(Exercise instructions) Only the lines from the one containing "Beautiful woman on" through the one containing "Take a dip in" should be printed, exactly as they appear below, with both ends included.

(Data excerpts)
══════

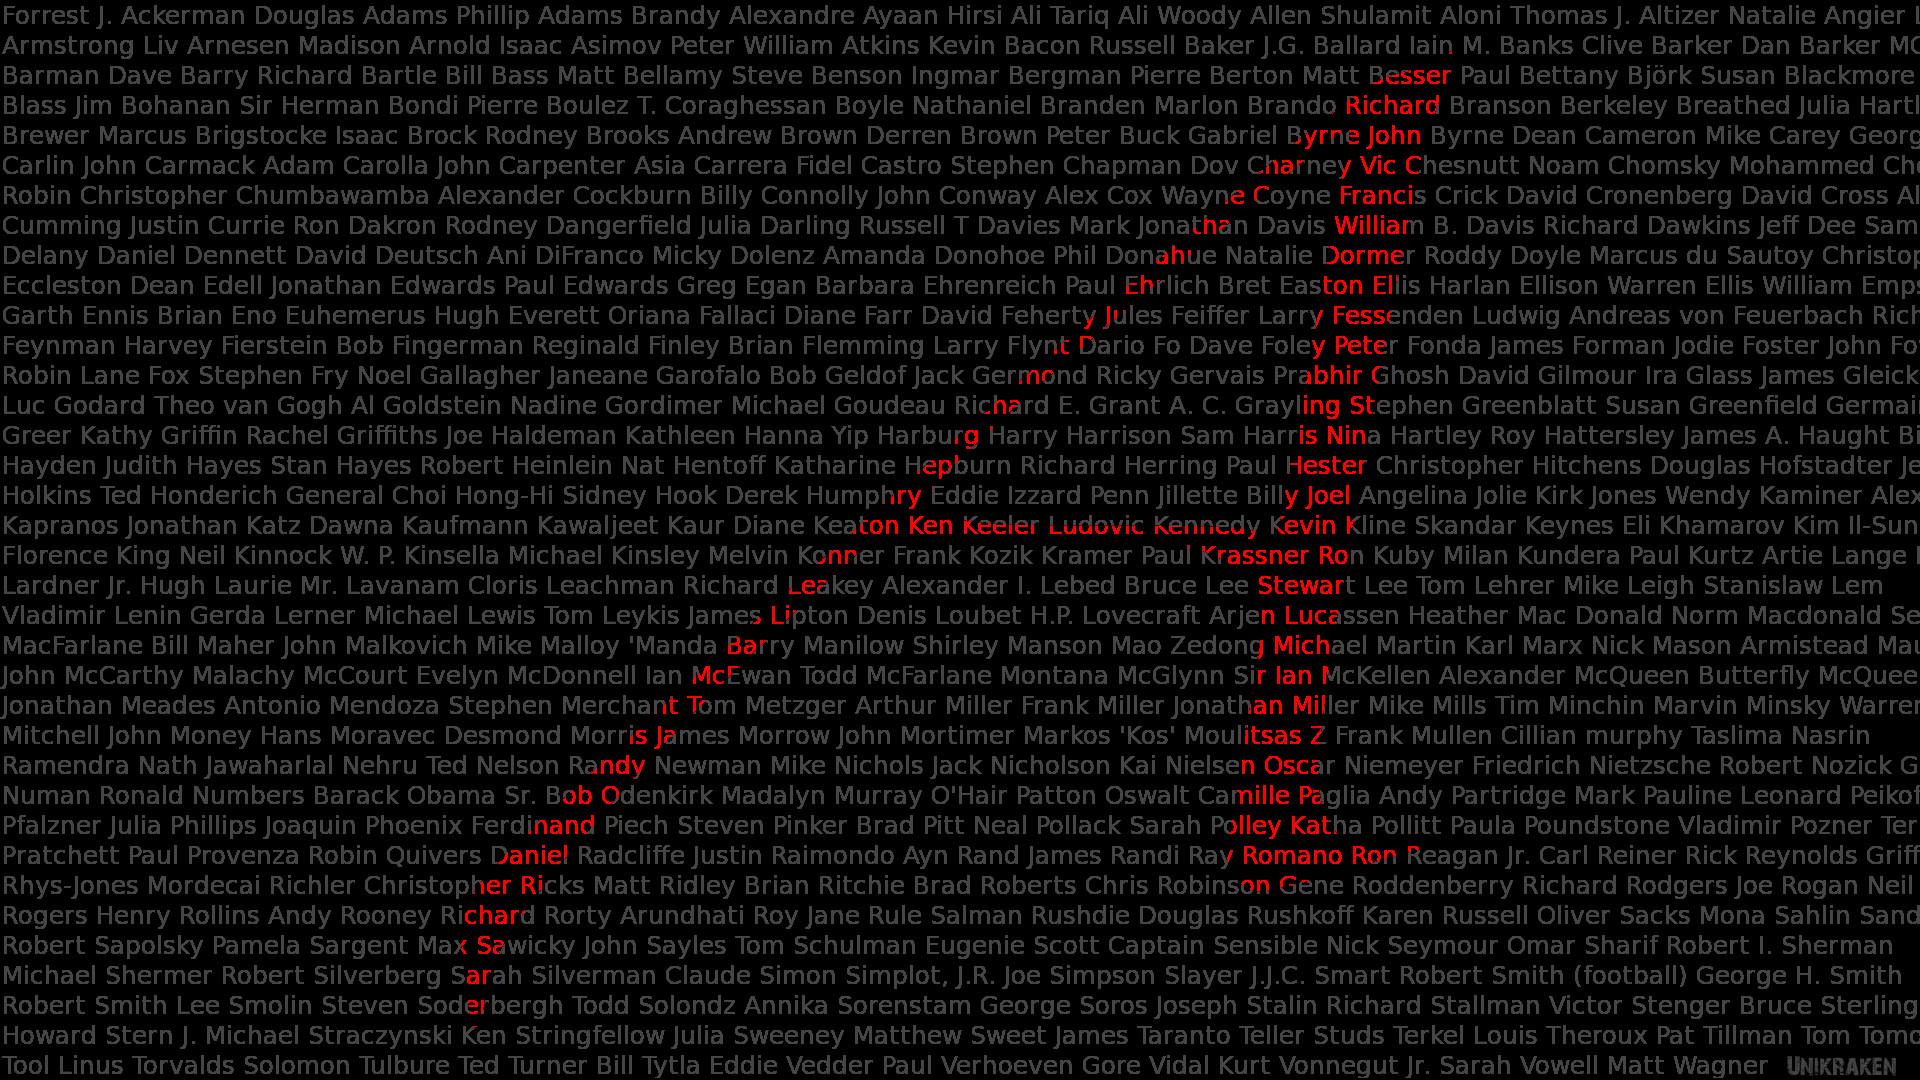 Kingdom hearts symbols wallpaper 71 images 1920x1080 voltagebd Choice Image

══════

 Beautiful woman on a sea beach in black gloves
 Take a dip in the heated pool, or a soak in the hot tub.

══════

(Result of this task)
 Beautiful woman on a sea beach in black gloves
 Take a dip in the heated pool, or a soak in the hot tub.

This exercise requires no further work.